● **TASK TO COMPLETE**: Restate, word for word, the run of lines that starts at the line containing "Жгут проводов для" and ends with the final line of the listing. Leave pictures out.

● **DATASET CONTENT**:
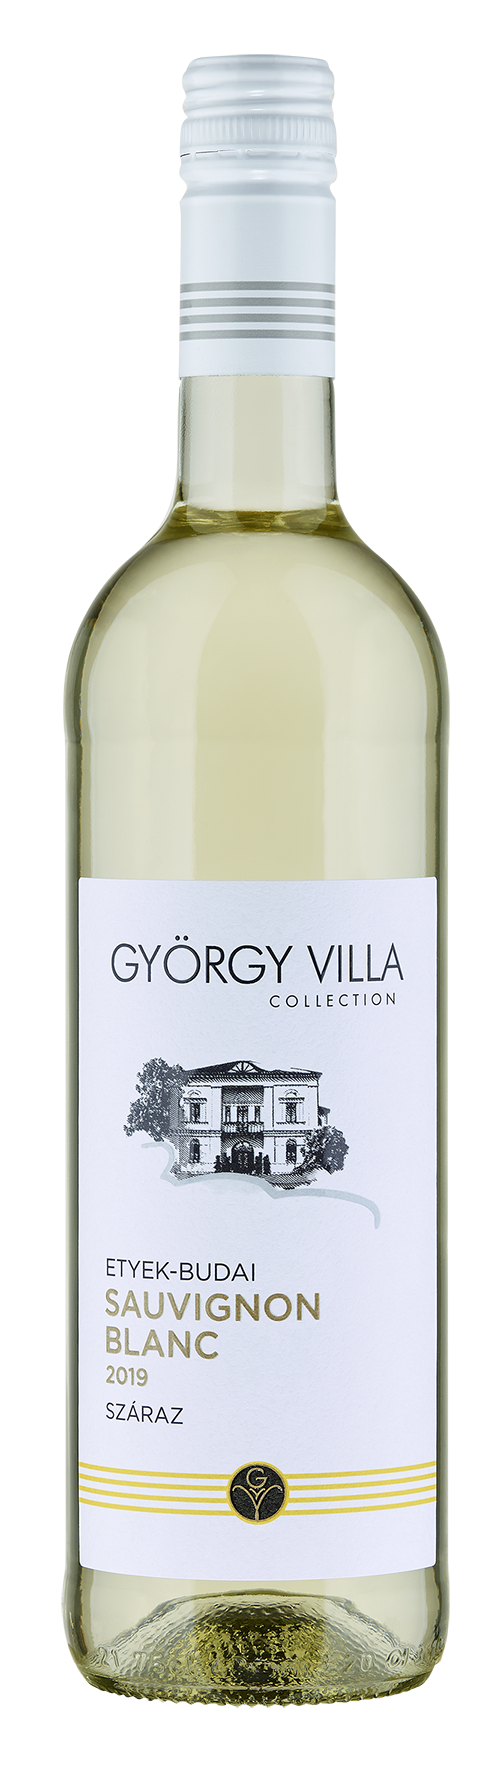 György-Villa Collection Etyek-Budai Sauvignon Blanc 2016
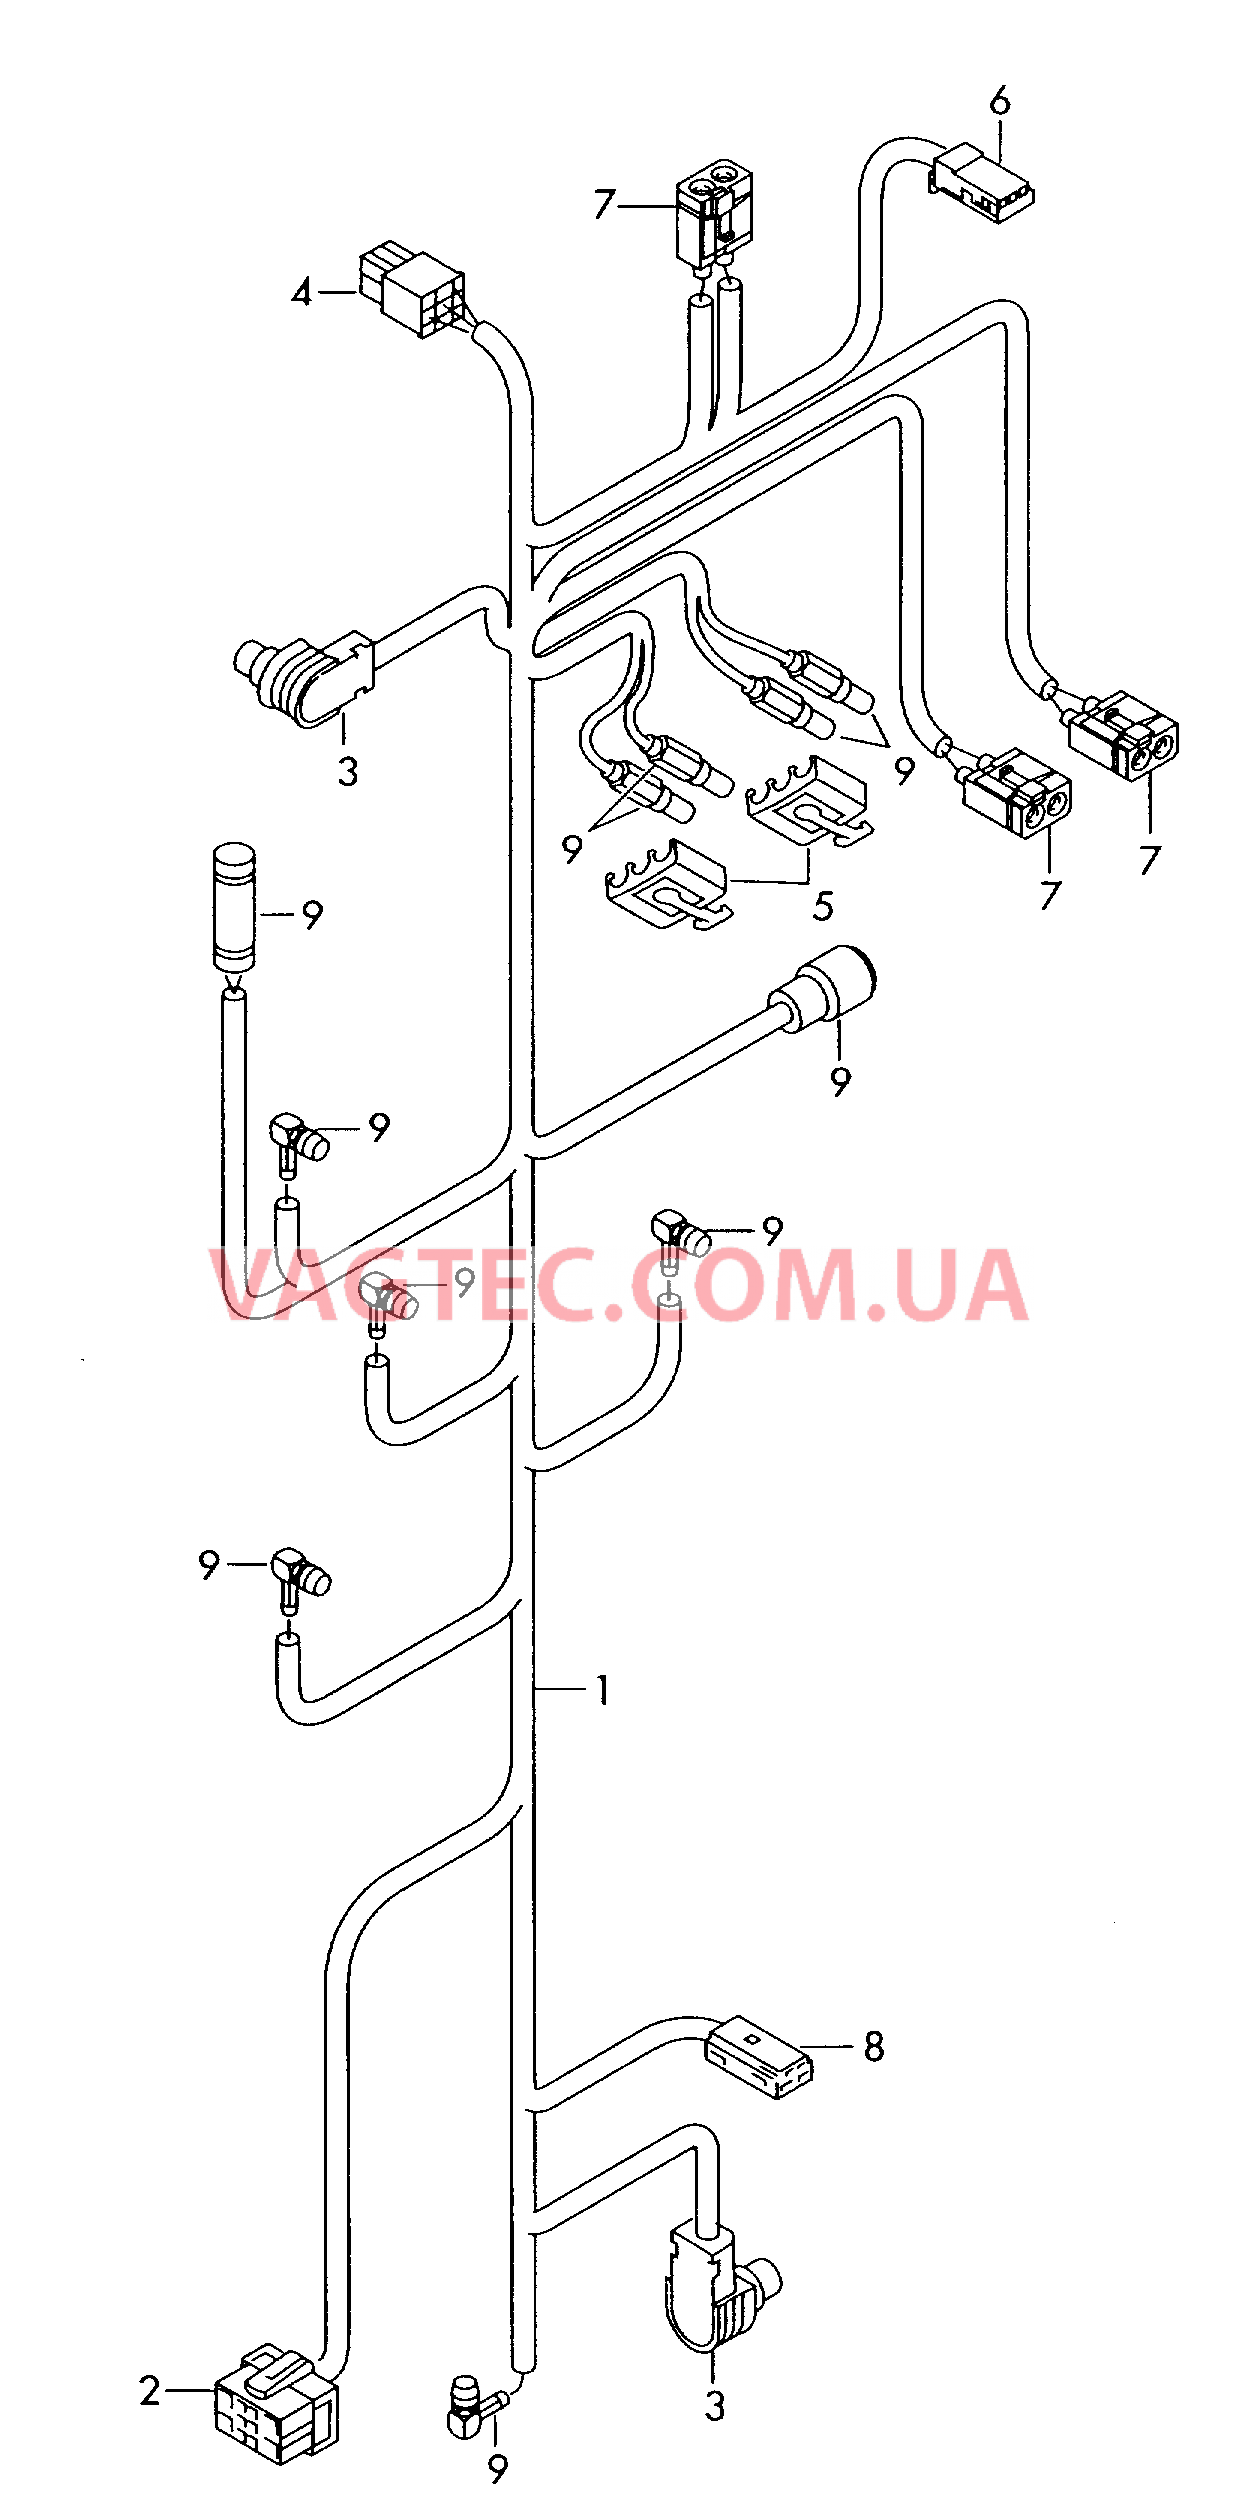 Жгут проводов для системы навигации с встроенной магнитолой  для AUDI RS4 2001
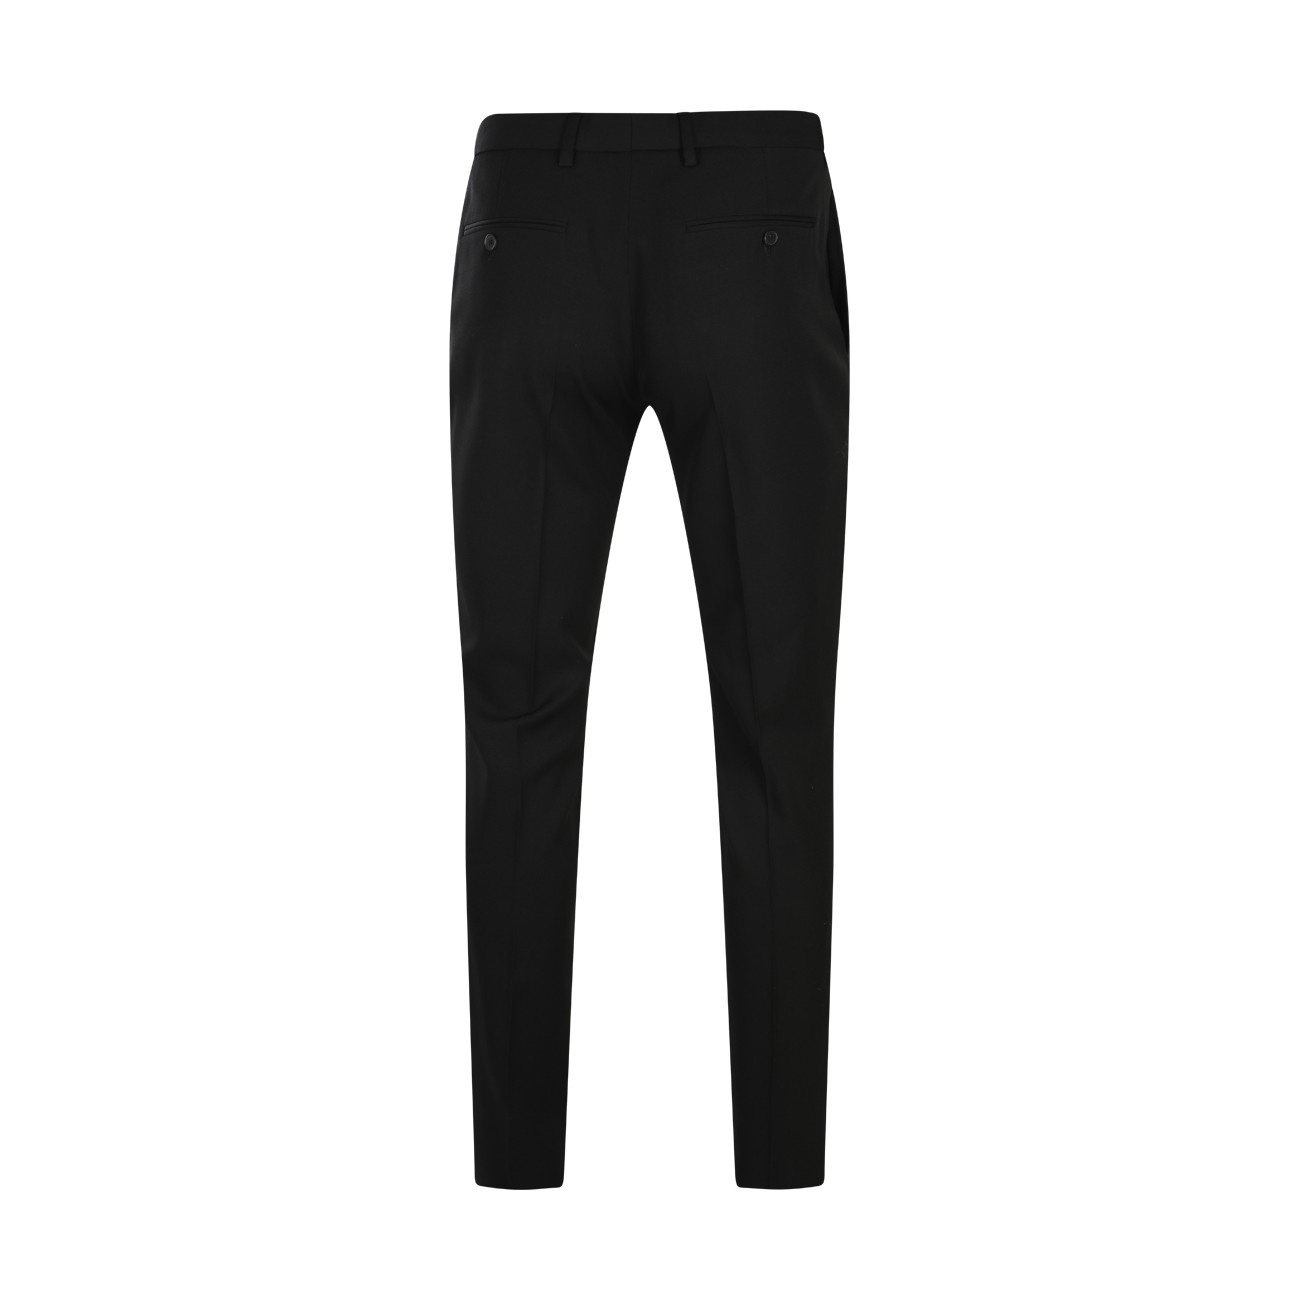 black wool pants - 2

● **WORKED SOLUTION**:
 Жгут проводов для системы навигации с встроенной магнитолой  для AUDI RS4 2001
 black wool pants - 2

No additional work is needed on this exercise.